Reimer invested 40 years into education, 25 years in the classroom and the final 15 years as an administrator.

He and his wife Pat fund a scholarship each year, which is among those designated on Senior Day.

“When I was in the administration and this was more than 20 years ago, the counselors at the time - Mark Neuharth and Kathy DeBoer - had the idea of a community scholarship program,” Reimer said.

“They contacted businesses and individuals about funding scholarships then. That was not an endowment, but was something that would be donated each year.” Reimer said that some scholarships were targeted - for instance, if an engineering company was willing to donate toward a scholarship, they would often earmark it for a student interested in pursuing an engineering education.

“But these were every year things,” he said. “It helped students, but the assistance was somewhat small compared to what other communities were doing, in terms of financial assistance for kids.”

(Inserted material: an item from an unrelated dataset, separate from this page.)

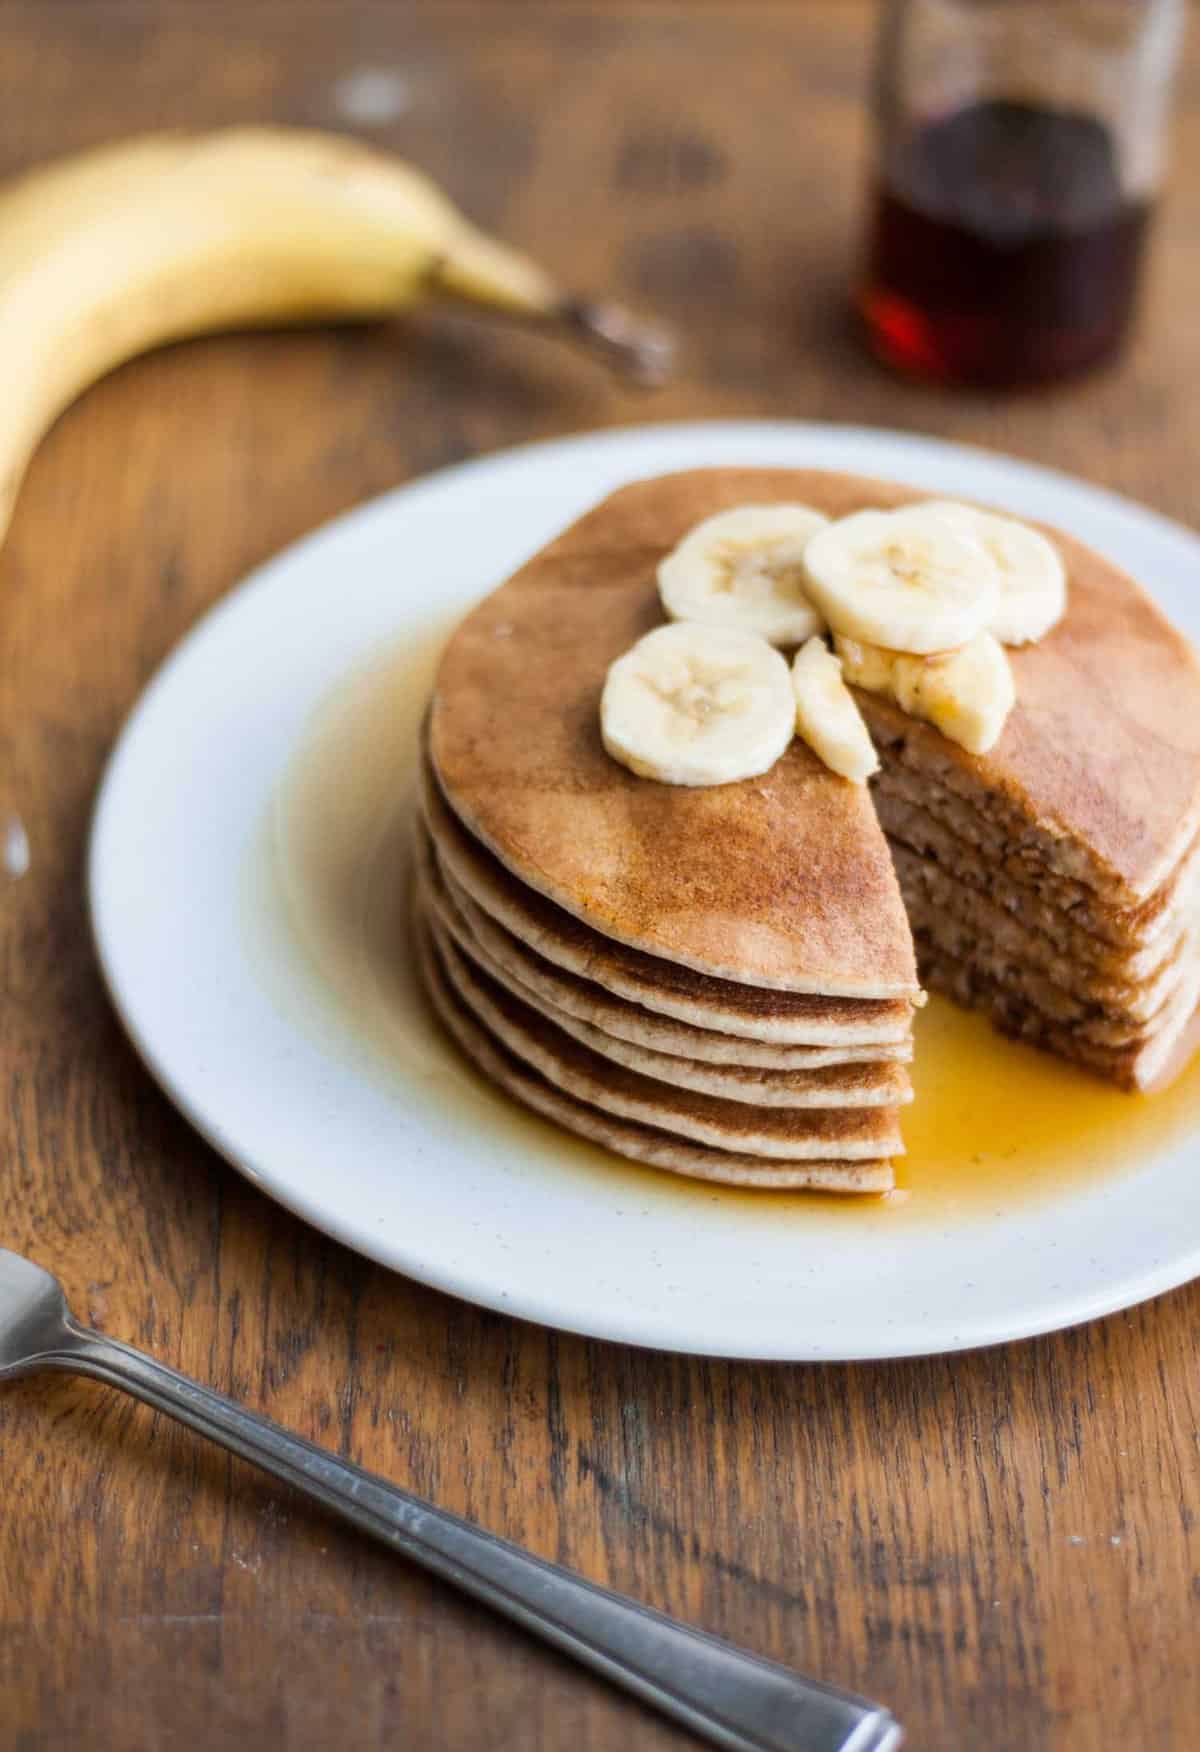 A plate with a stack of pancakes topped with banana slices and a wedge cut.

“The scholarships through the endowment is a way to fill in the gaps,” Nebelsick said. “That is what created the excitement for us. Can we meet the demand and have innovative finance opportunities that goes above and beyond? In addition, the Huron School District Foundation will dovetail so well with the unbelievable success we’ve seen with the endowment for the Huron Community Campus, which makes possible the $40 per credit hour. I think that this can partner and give students headed to a technical school or a four-year college ongoing support. I am really very excited about the possibilities.”

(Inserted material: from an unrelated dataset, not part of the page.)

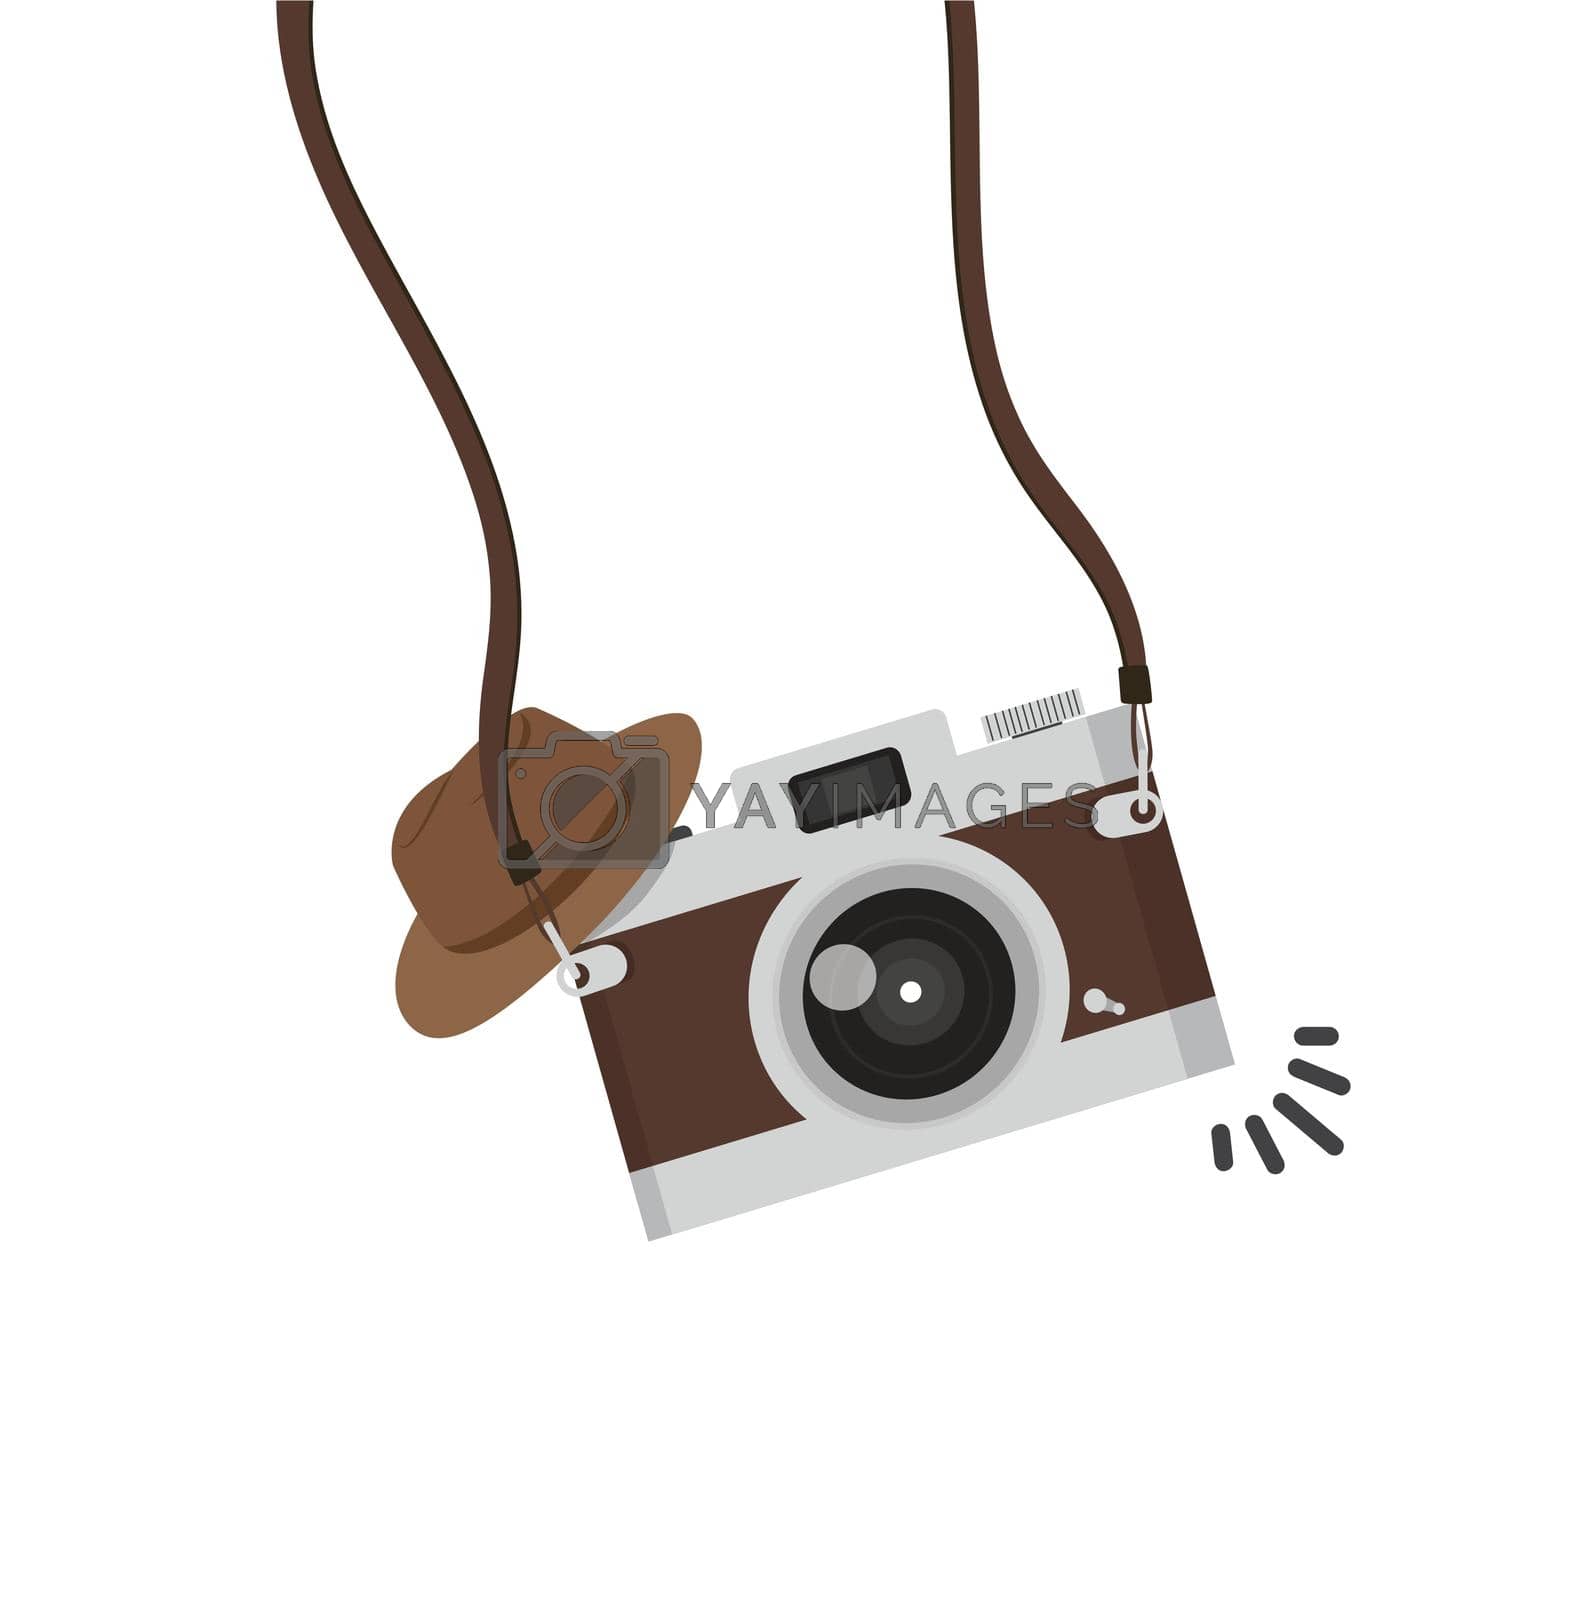 Royalty free image of hanging camera with hat vector by focus_bell

“Ideally,” Reimer said, “we want to get to the point where we can continuously fund scholarships each year. At that point there may be other avenues that can be explored to improve education.”

“Fundraising has picked up when we  narrowed our focus,” McGirr said. “We can continue to add as we go forward. A $2,000 donation adds the person or persons making the donation to the Founders Wall, which is in the hallway that connects Huron Arena to the Event Center. “ Other funding levels are also being recognized: $5,000 - Orange Level; $10,000 - Black Level and $25,000 - Tiger Level.

“The Huron School District Foundation provides an opportunity for many of us, whose kids have graduated, to contribute and enhance continuing education for HHS students,” Nebelsick noted.

“My hope is we can raise $100,000 our first year,” Bischoff said, “and hopefully within 10 years grow our fund to $1 million, so we would have the ability to offer any student graduating Huron High School a scholarship to help them achieve their goals in life.”

In addition to McGirr, Nebelsick serves as the foundation vice-president, Bischoff is the secretary and Marcia Zwanziger is treasurer. Other board members include: Reimer, Jeff Duffy, Sherman Gose, Jodi Hegg, Craig Lee, Rhonda Kludt and Nichole Wenz.